Among the various conditions that necessitate paediatric gastrostomy are intake disorders due to diseases caused by central nervous system dysfunction, laryngeal dysfunction, dysphagia due to abnormality or malformation of the larynx, and narrowing of the oesophagus. Because of its high risk, the PEG method is often avoided in children with severe physical and mental disabilities, including those with marked scoliosis, particularly to the right side, causing trunk deformation and positioning of the stomach above the costal arch and those in whom the colon and small intestine are always dilated because of chronic gastrointestinal motility disorder, which is often observed in children with disabilities. Rather, these children are often treated by gastrostomy, whether under direct vision by laparotomy or under laparoscopic guidance.[2],[3] The PEG method has also been reported inappropriate for neonates and infants because of the fragility of tissues and smallness of the body surface area and stomach capacity.[4] Thus, in our department, the Stamm procedure, which avoids inadvertent puncture of other organs, was selected for gastrostomy in infants with severe physical or mental disability, showing marked trunk deformation, and neonates with congenital malformations such as oesophageal atresia.

Complications may occur during the management of gastrostomy, regardless of whether PEG or the Stamm procedure is used. Patients may develop peritonitis because of the leakage of contents from the gastrostomy, catheter removal, catheter perforation, gastric ulcer, pyloric stenosis, hernia, wound infection, wound open, or difficulties closing a stomach fistula.[5],[6],[7],[8],[9] Complications of paediatric gastrostomy were reported in 40 (16.7%) of 240 patients, with 24 (10%) showing leakage from the gastric fistula, 7 (2.9%) showing wound infection and wound opening, and 5 (2.1%) showing intraperitoneal gastric fluid leakage.[7] Another study reported that 19 (15.8%) of 280 patients experienced complications.[8]

Peri-gastric fistula inflammation due to the leakage of stomach contents from the gastric fistula is one of the most common complications of gastrostomy. This leakage and inflammation may cause tissue destruction and skin erosion, as well as destroying subcutaneous fat and making the layer between the skin and stomach thinner. Subsequently, puncture holes gradually increase in size, even the catheter is changed to a larger size, organisation is weakened, and the pores become bigger, forming a labial gastric fistula after loss of the gastric mucosa. Postoperative convulsions and hypertonia infants with severe physical and mental disability may become obstacles to wound and fistula resolution and the risk of complications is high, making postoperative drug treatment essential.[1]

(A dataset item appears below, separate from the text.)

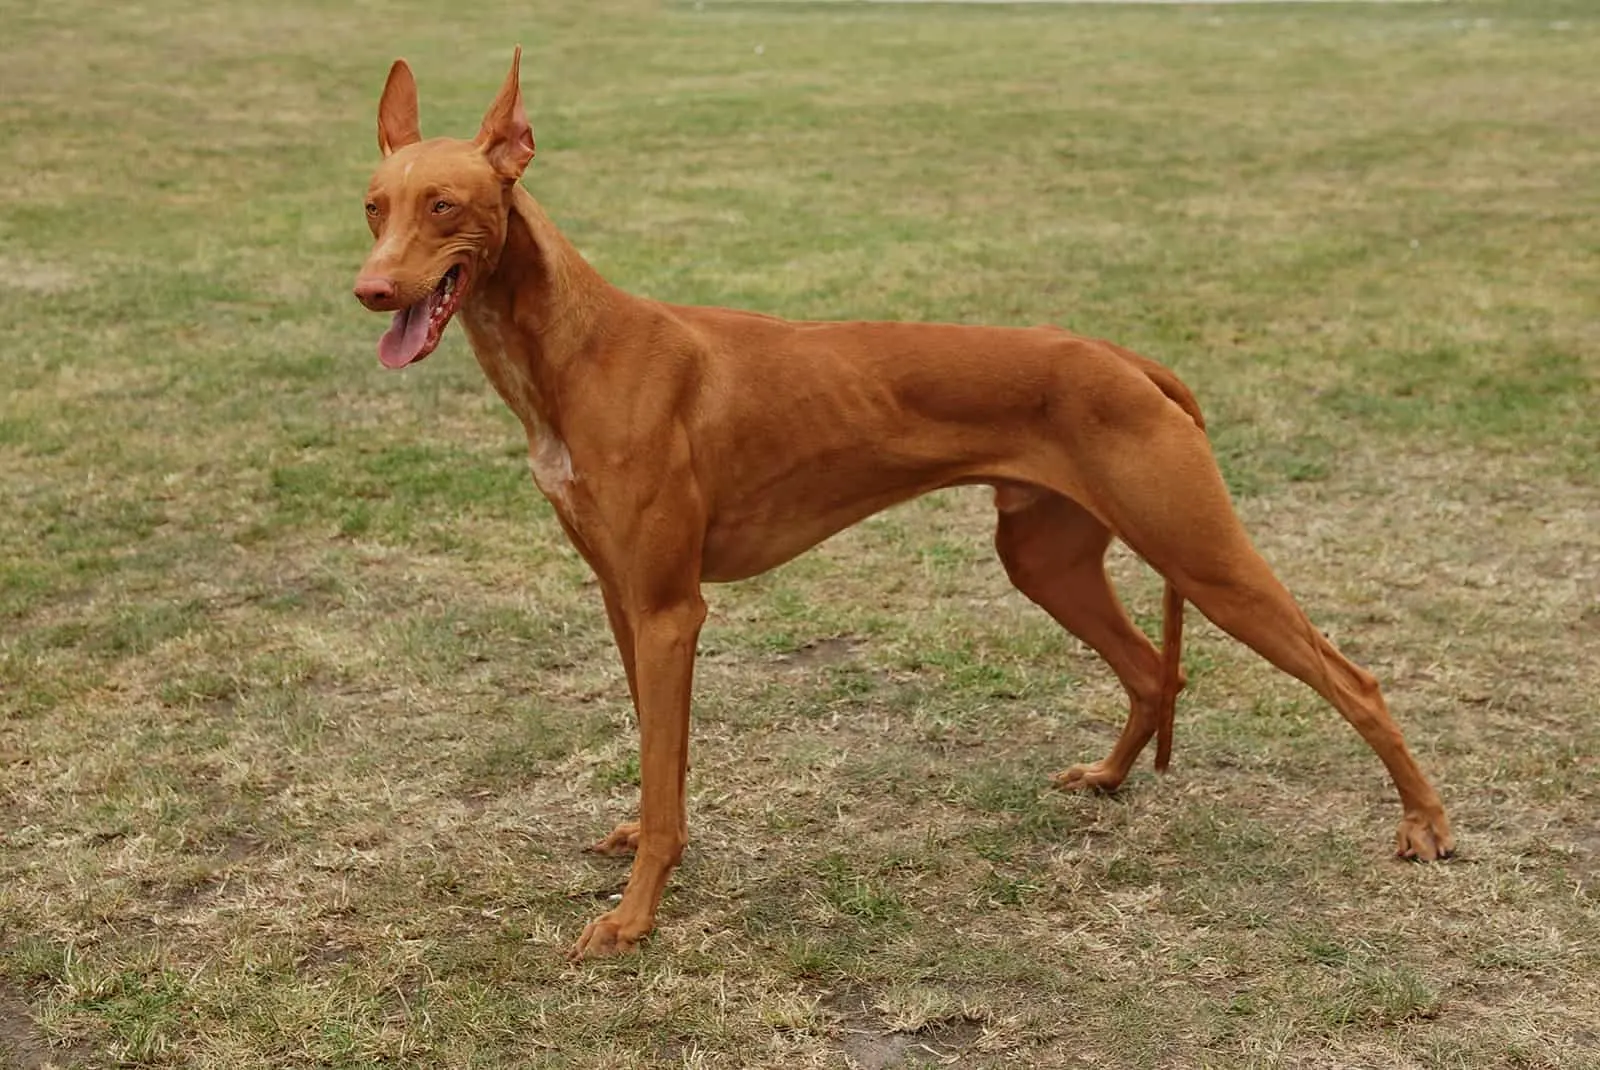 pharaoh hound dog standing on the grass

Increases in abdominal pressure accompanying respiratory disease, heart disease, aspiration, and tension could cause leakage from the gastrostomy. The Stamm procedure recommends that the gastrostomy tube should be inserted through an independent site.[1] In children, however, direct insertion of the gastrostomy tube through the laparotomy site can minimize the wound. However, once the gastric mucosa becomes exposed and a labial fistula forms, re-gastrostomy may be required.

Re-gastrostomy not only increases the size of the laparotomy incision, but also the surgical invasion itself will become more marked because of adhesions in the abdominal cavity. To prevent complications, care should be taken in performing gastrostomy in infants, keeping in mind that gastrostomy for infants is never a minor operation.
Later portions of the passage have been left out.